◆ **EXERCISE DATA**:
- Opening Delimiter -
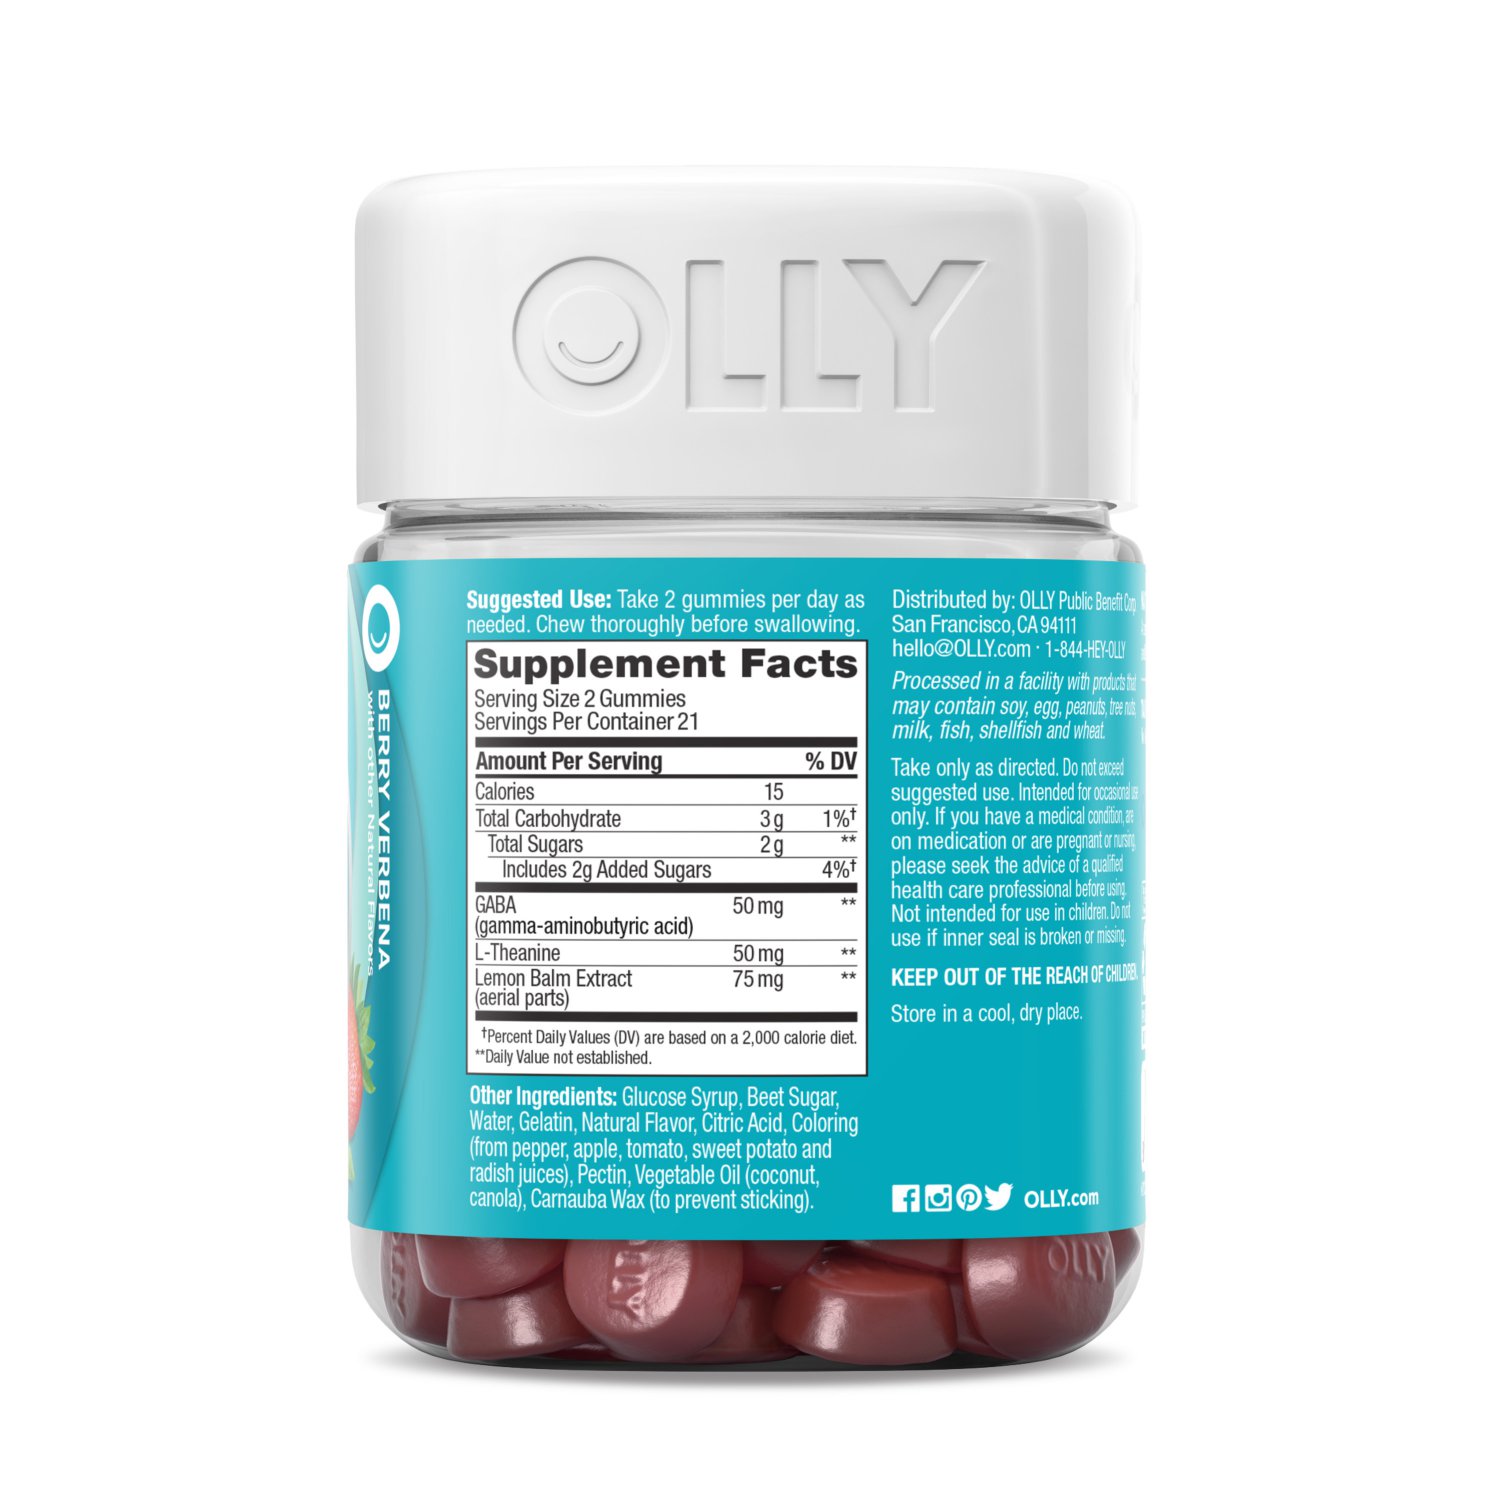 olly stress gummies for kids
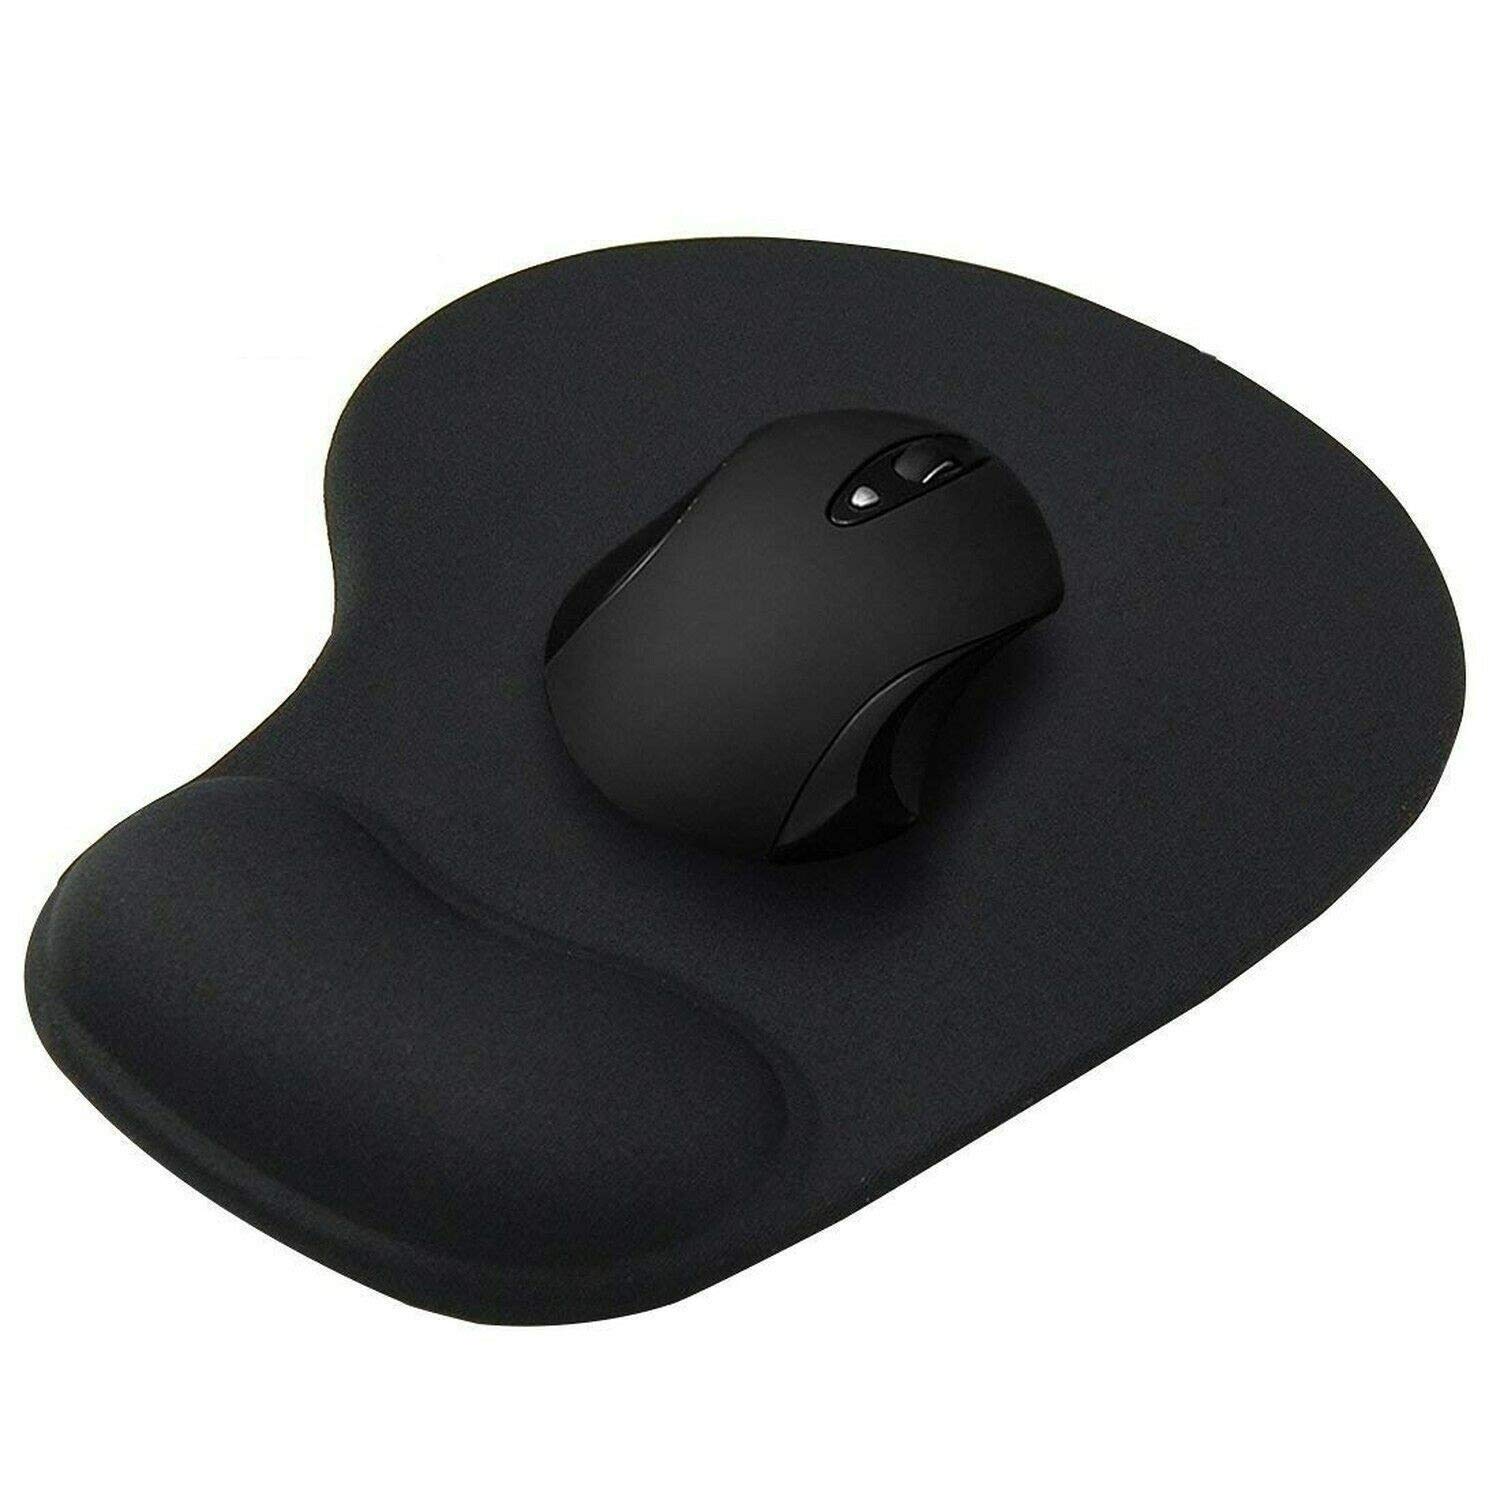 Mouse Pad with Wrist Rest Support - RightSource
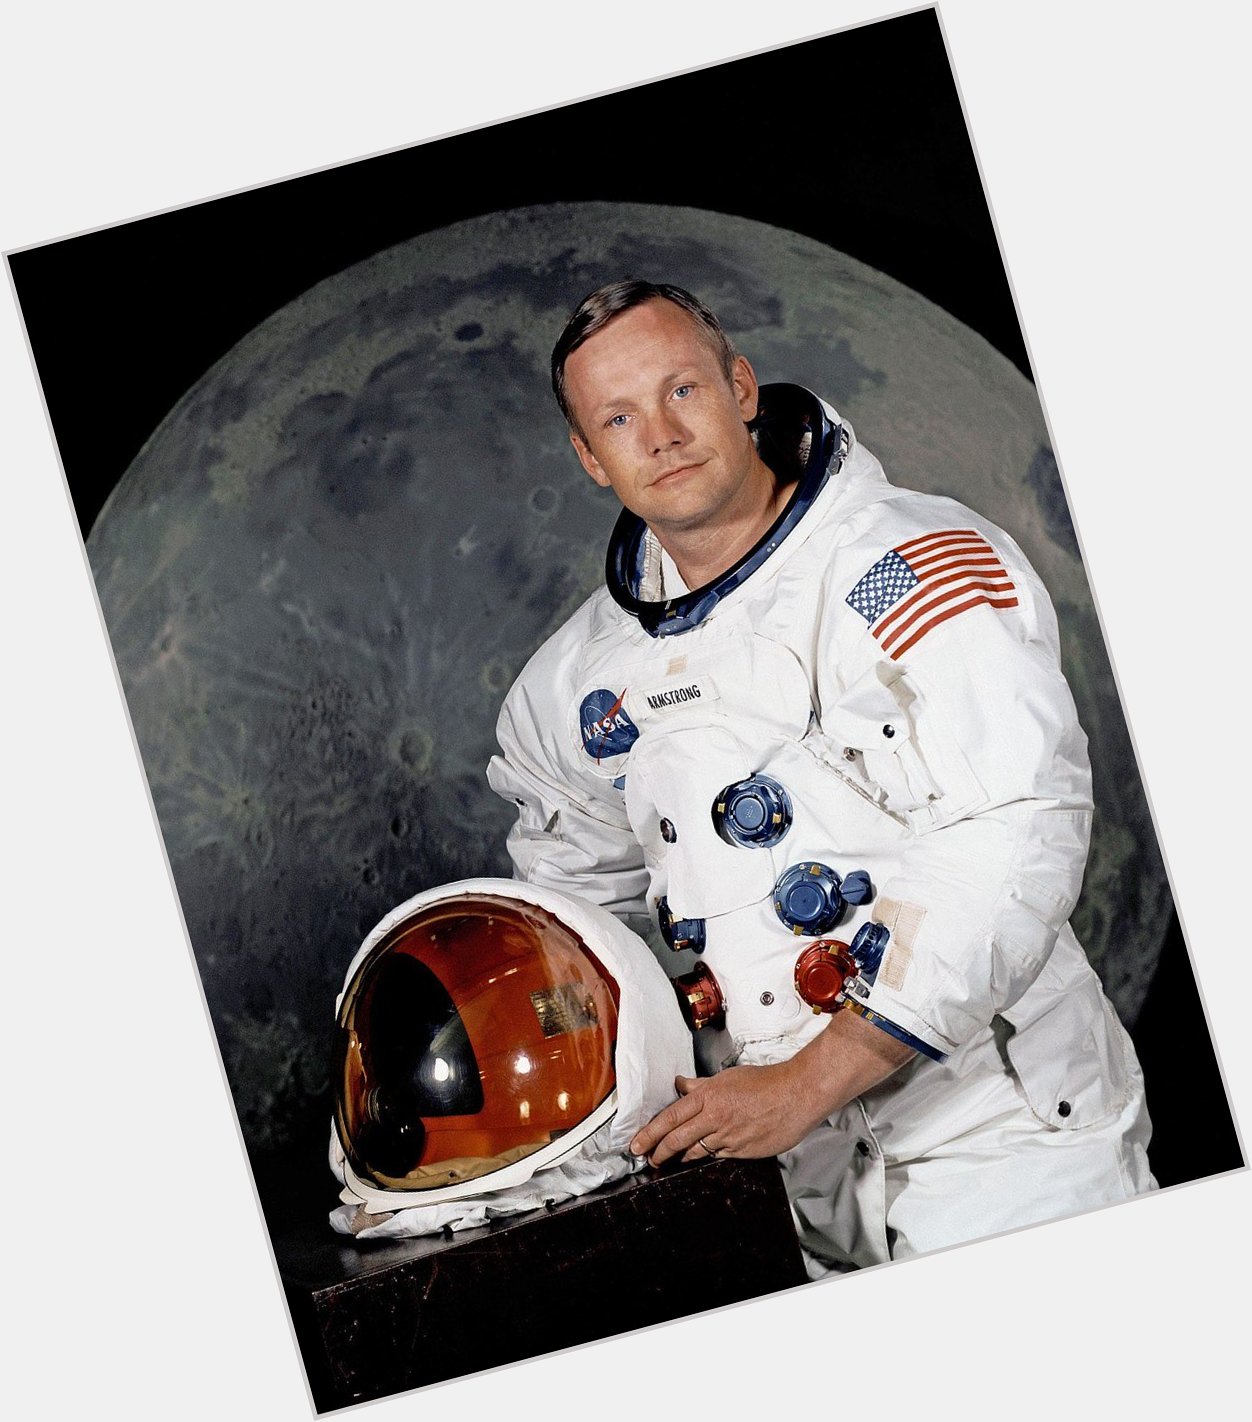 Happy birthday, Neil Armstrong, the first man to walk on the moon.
- Closing Delimiter -
◆ **ACTIVITY**: From the first line to the last, retype the data exactly, without images.

◆ **ANSWER TO THIS EXERCISE**:
 olly stress gummies for kids
 Mouse Pad with Wrist Rest Support - RightSource
 Happy birthday, Neil Armstrong, the first man to walk on the moon.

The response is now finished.